La famille Rouquet élevée au rang des Justes
La ville rend hommage à ces Villeneuvois qui ont secouru et abrité une famille juive pendant l’Occupation.
Durant l’Occupation, les Friedmann ont trouvé refuge au deuxième étage de cette maison appartenant alors à la famille Rouquet. (Photo « Sud Ouest »)
En ce jour marquant le 68e anniversaire de sa libération (lire ci-dessous), la commune va rendre un vibrant hommage à la famille Rouquet dont le père, Georges, la mère, Eva, et leur fille Ginette, ont tous trois été reconnus « Justes parmi les nations » (voir ci-contre). Pendant la période noire de l’Occupation, et en dépit des risques encourus, les Rouquet ont en effet secouru et hébergé clandestinement un couple de juifs réfugiés, Raymond et Marthe Friedmann, accompagné de leur enfant, Jacques, alors âgé de 10 ans.
« Ma famille a fui Paris dès l’automne 1939. On se réfugie dans un premier temps sur les rives de la Loire. Puis, suivant l’exode, nous repartons plus au sud, au-delà de ce qui sera la ligne de démarcation, et nous exilons jusqu’à Villeneuve-sur-Lot », raconte Jacques.

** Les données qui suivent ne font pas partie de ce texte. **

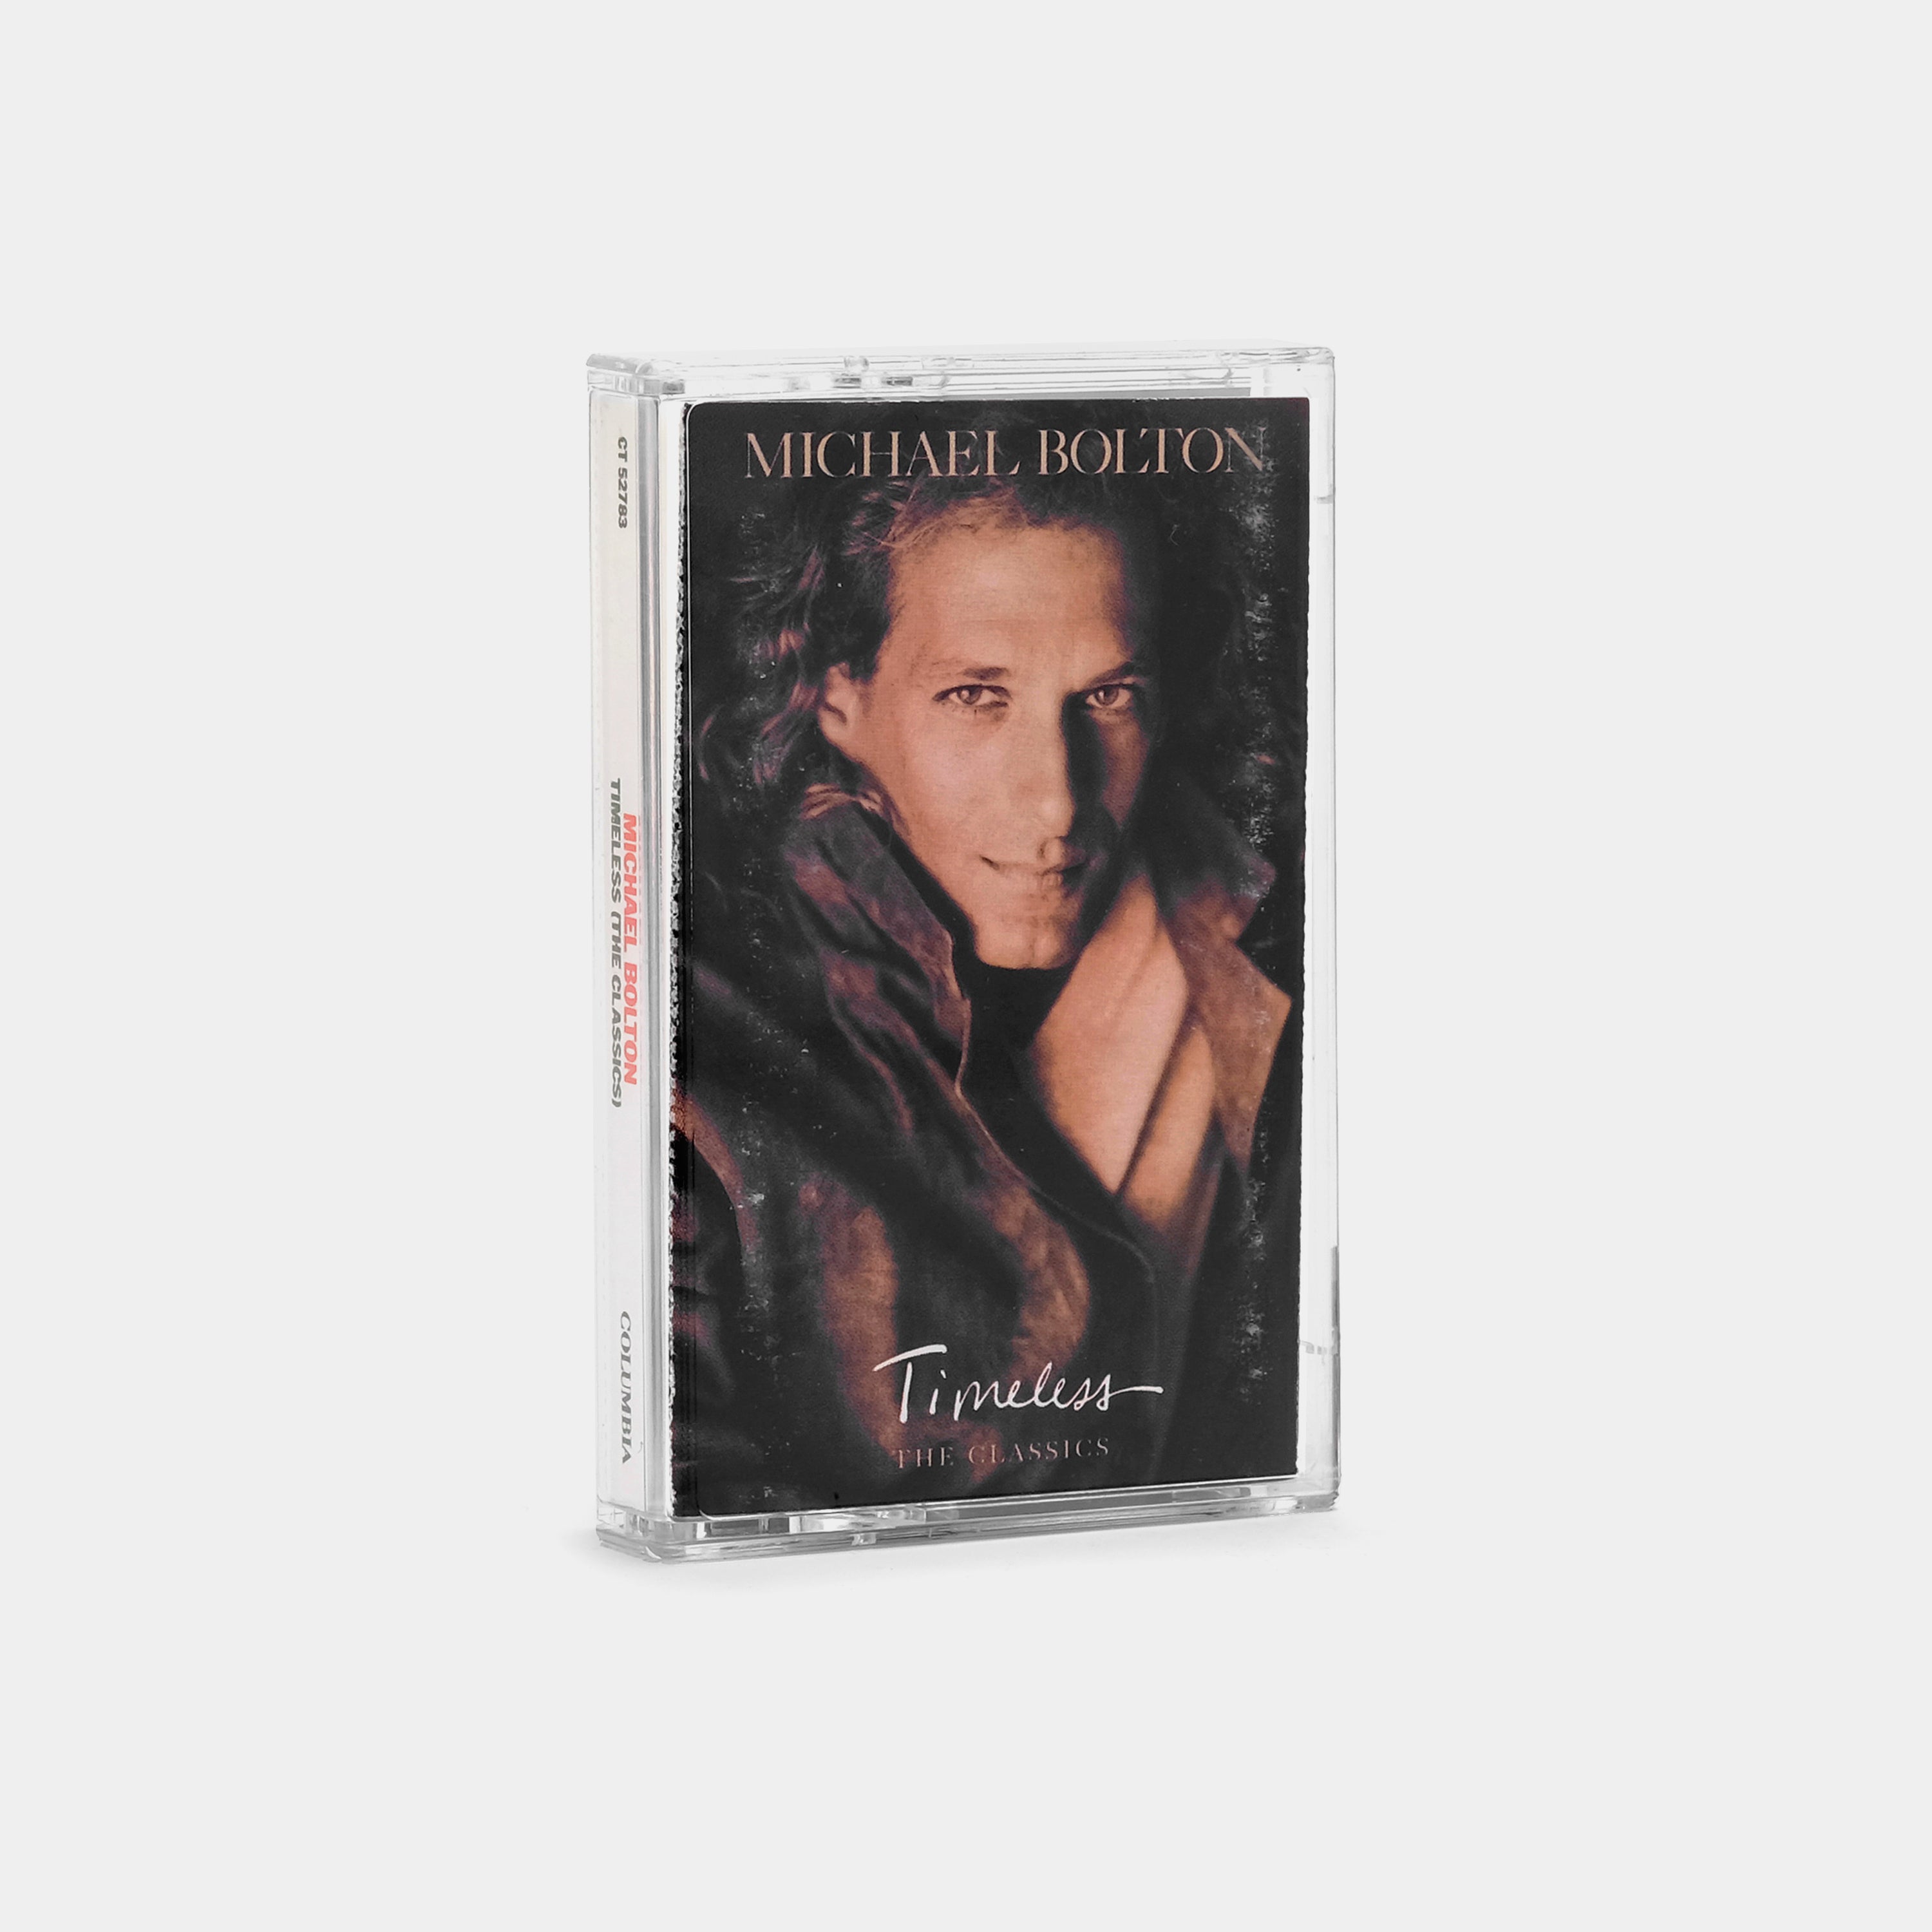 Michael Bolton - Timeless (The Classics) Cassette Tape

C’est là que les Friedmann se lient d’amitié avec la famille Rouquet. Le père, Georges, ancien garde républicain fut, à la fin des années 30, affecté au Deuxième Bureau, le service de renseignement de l’armée française. Après la défaite de 1940, il refuse de servir le régime de Vichy et quitte la gendarmerie. En 1941, il acquiert, avec son épouse Eva, une boutique de fruits et légumes, porte de Paris (là où se trouve aujourd’hui la boutique des pruneaux).
À l’automne 1943, Sam Meyer, le meilleur ami de la famille Friedmann est raflé en pleine rue de Villeneuve-sur-Lot, par la Gestapo d’Agen. Déporté à Auschwitz, il y sera gazé.
Plaque commémorative
« La situation devenait de plus en plus périlleuse. Grâce à un réseau de résistance, Ginette, la fille des Rouquet, fournit à mon père de faux papiers au nom de Pierre Fournier. Gaston Bourgeois, le principal du collège Georges-Leygues, où j’étais scolarisé en tant qu’interne, me fournit également une fausse identité. Mes parents trouvent alors refuge chez les Rouquet. Ils occupent clandestinement un petit deux pièces, situé au deuxième étage de l’immeuble qui jouxte la pharmacie, tenue à l’époque par le chef de la milice de Villeneuve-sur-Lot ! », témoigne Jacques.
Début 1944, à la suite de l’insurrection de la prison d’Eysses, l’étau se resserre encore. Il devient de plus en plus urgent de fuir la ville, où la milice renforce continuellement sa présence. Ginette Rouquet part alors en éclaireur, pour trouver à la famille Friedmann un nouveau refuge.
« Elle nous a fourni à nouveau des faux papiers et nous a aidés à rejoindre le Tarn-et-Garonne, où un ami de son père nous a cachés jusqu’à la fin de la guerre. Sans Ginette et ses parents, nous n’aurions sans doute jamais survécu à cette époque abominable », témoigne Jacques, avec une vive émotion perceptible dans la voix, près de soixante-dix ans après les faits.
L’homme, aujourd’hui âgé de 82 ans, voue une éternelle reconnaissance à ses sauveurs. C’est lui qui a entrepris les démarches pour que la famille Rouquet soit élevée au rang des Justes, et il sera ce matin présent à Villeneuve-sur-Lot pour y dévoiler la plaque commémorative, qui ornera désormais la porte de Paris.